It’s weird how routines change.
I’m barely an afternoon person. Don’t get me wrong I’m not moody or irritable. I’m just unable to jump out of bed ready to attack the day. These days I slither out of bed and that in itself feels like a great achievement. I really should get a prize.
This morning as I did the daily slither, I thought to myself; how is it not the weekend yet. That’s a mystery which is as hard to solve as catcing Jack the Ripper.
I love my job, truly but this week has been so long, it’s why I didn’t post yesterday and I’m posting now as I have my breakfast:
Ok, that’s not actually my breakfast, I had porridge this morning before I left my house for work. I can’t drive on a starving since dinner stomach. I, in no way condone having a bad “breakfast” and because I am (or was) a morning person, breakfast is my favourite meal (I love it and can have it any time during the day)

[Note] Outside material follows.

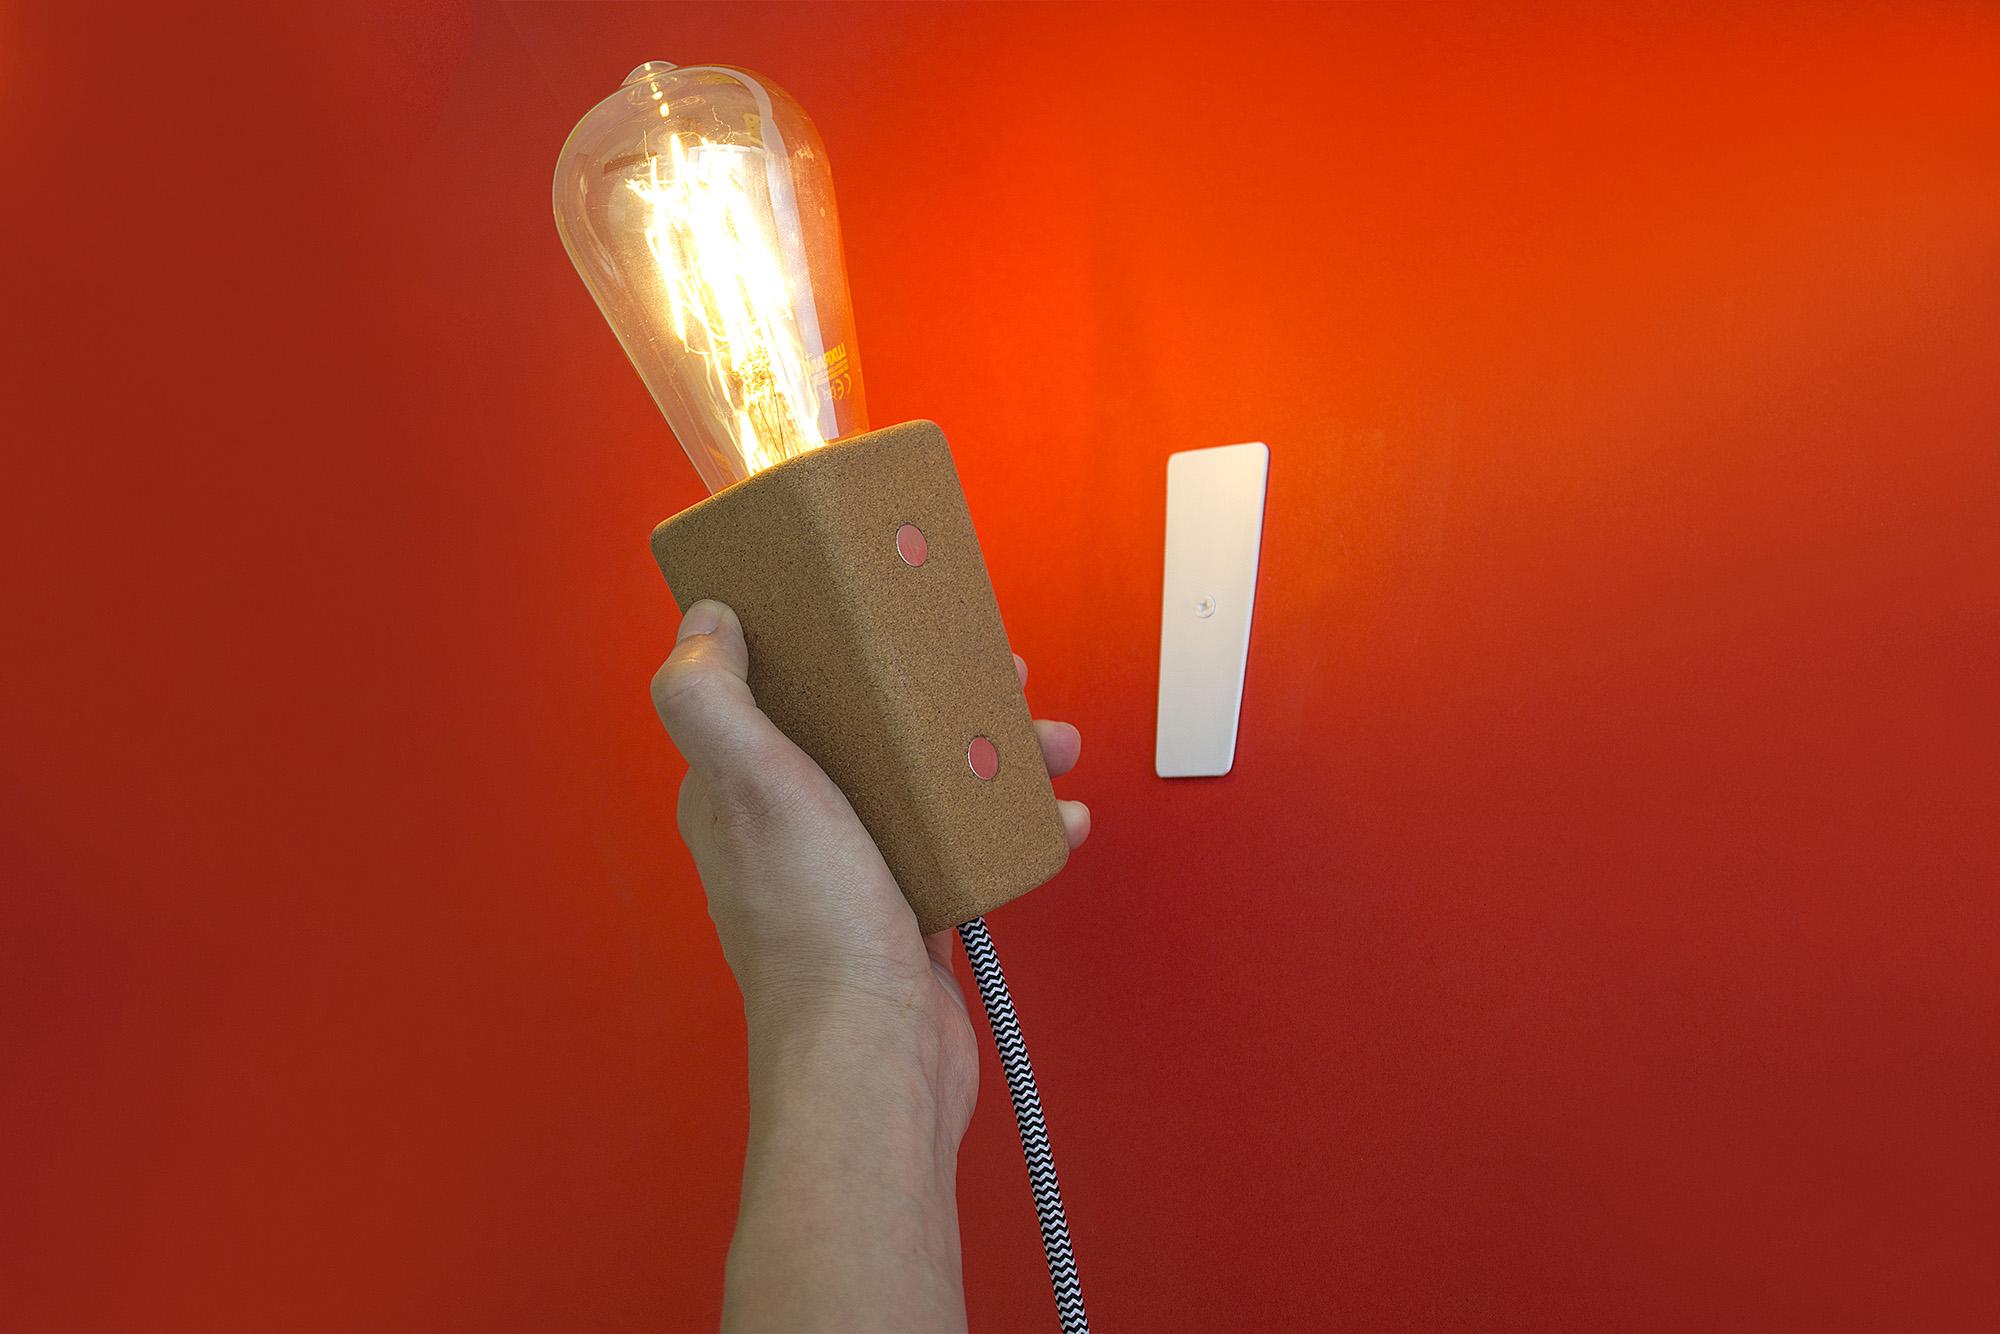 low-Galula-magneto-lamp-amb-14.jpg
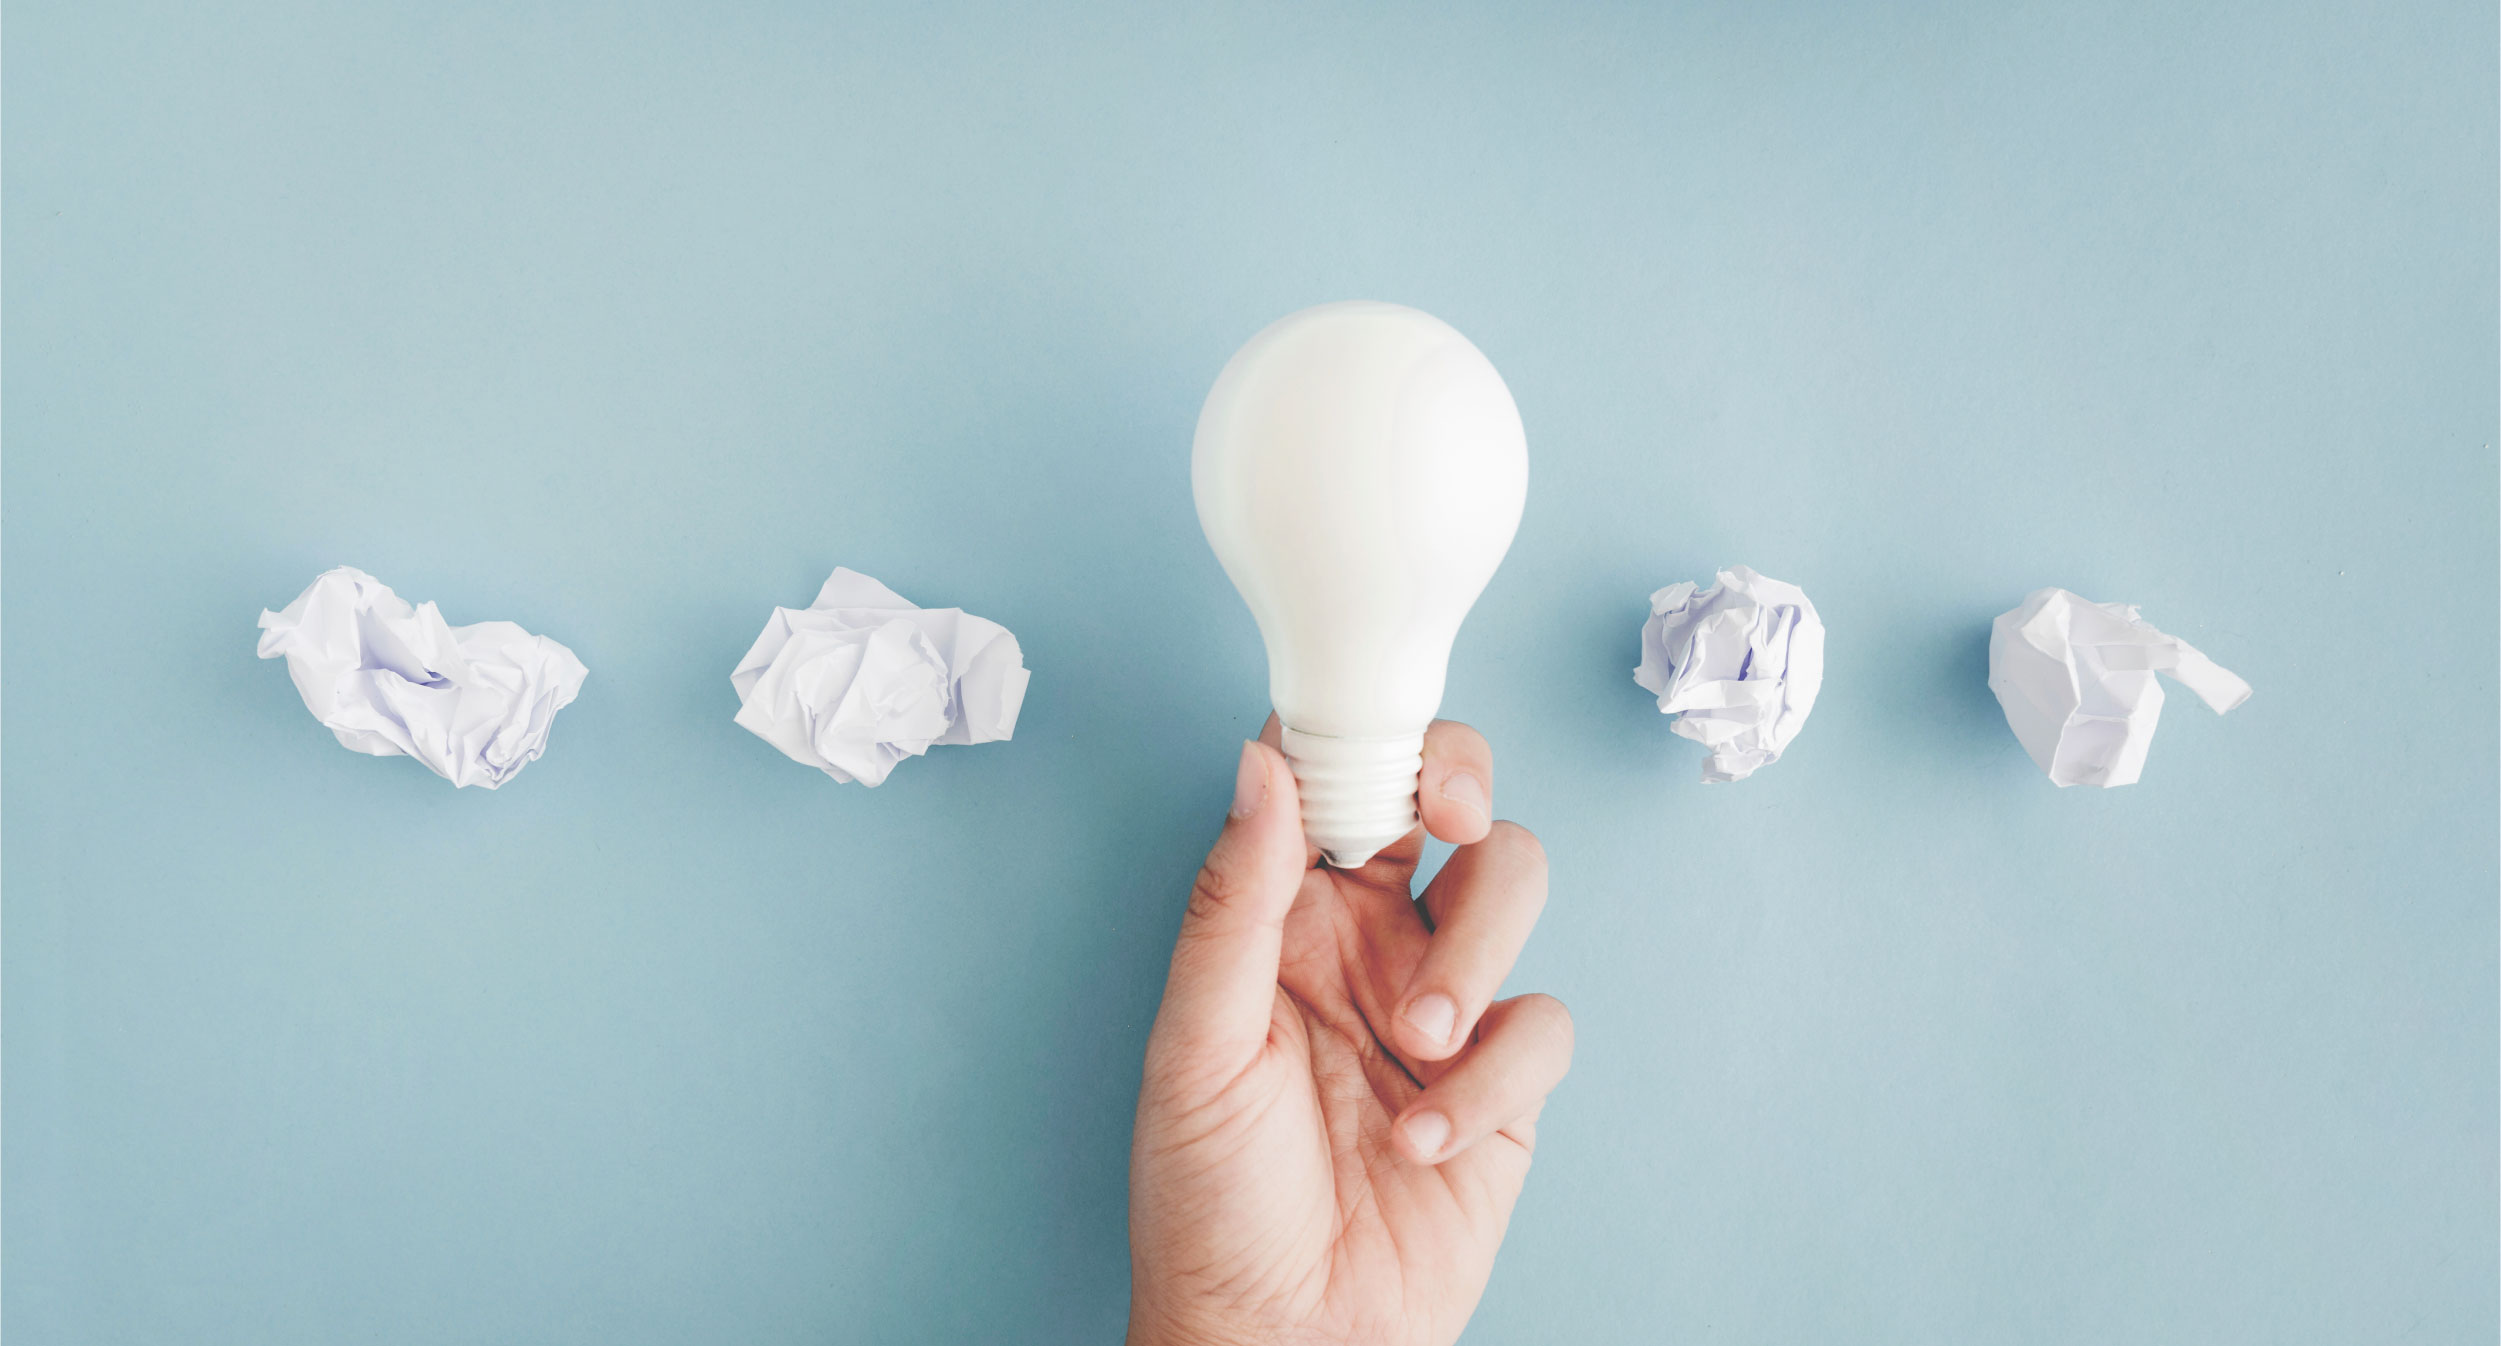 Idea problem solving | Botkeeper

So, why did it all change? Your guess is as good as mine. My curious mind will not rest till I figure it out and since time is short and I must start working, here are a few things that pop into my mind:
- Lack of motivation;
- Lack of sun (its been cloudy here all week, like London);
- I stopped taking my vitamin D supplements, they ran out and I was due to go back for another checkup to see if I’m not severely vitamin D deficient (which I was and I was taking the prescribed pills); and
- Lastly, I think my bed is just too darn comfortable and I love sleeping
Right, time for me to start my day.
Have a beautiful day :).
P.S: featured image is one I took on an island called Lulu Island and I love how palm trees are the epitome of summer/sun/daytime and I like to call them happy trees. I used it as a featured photo to remind me that I used to feel like a palm tree (well, as close as a person can actually feel like a tree) and as the morning would start, I too would stand tall and proud. I must go back to being a palm tree :).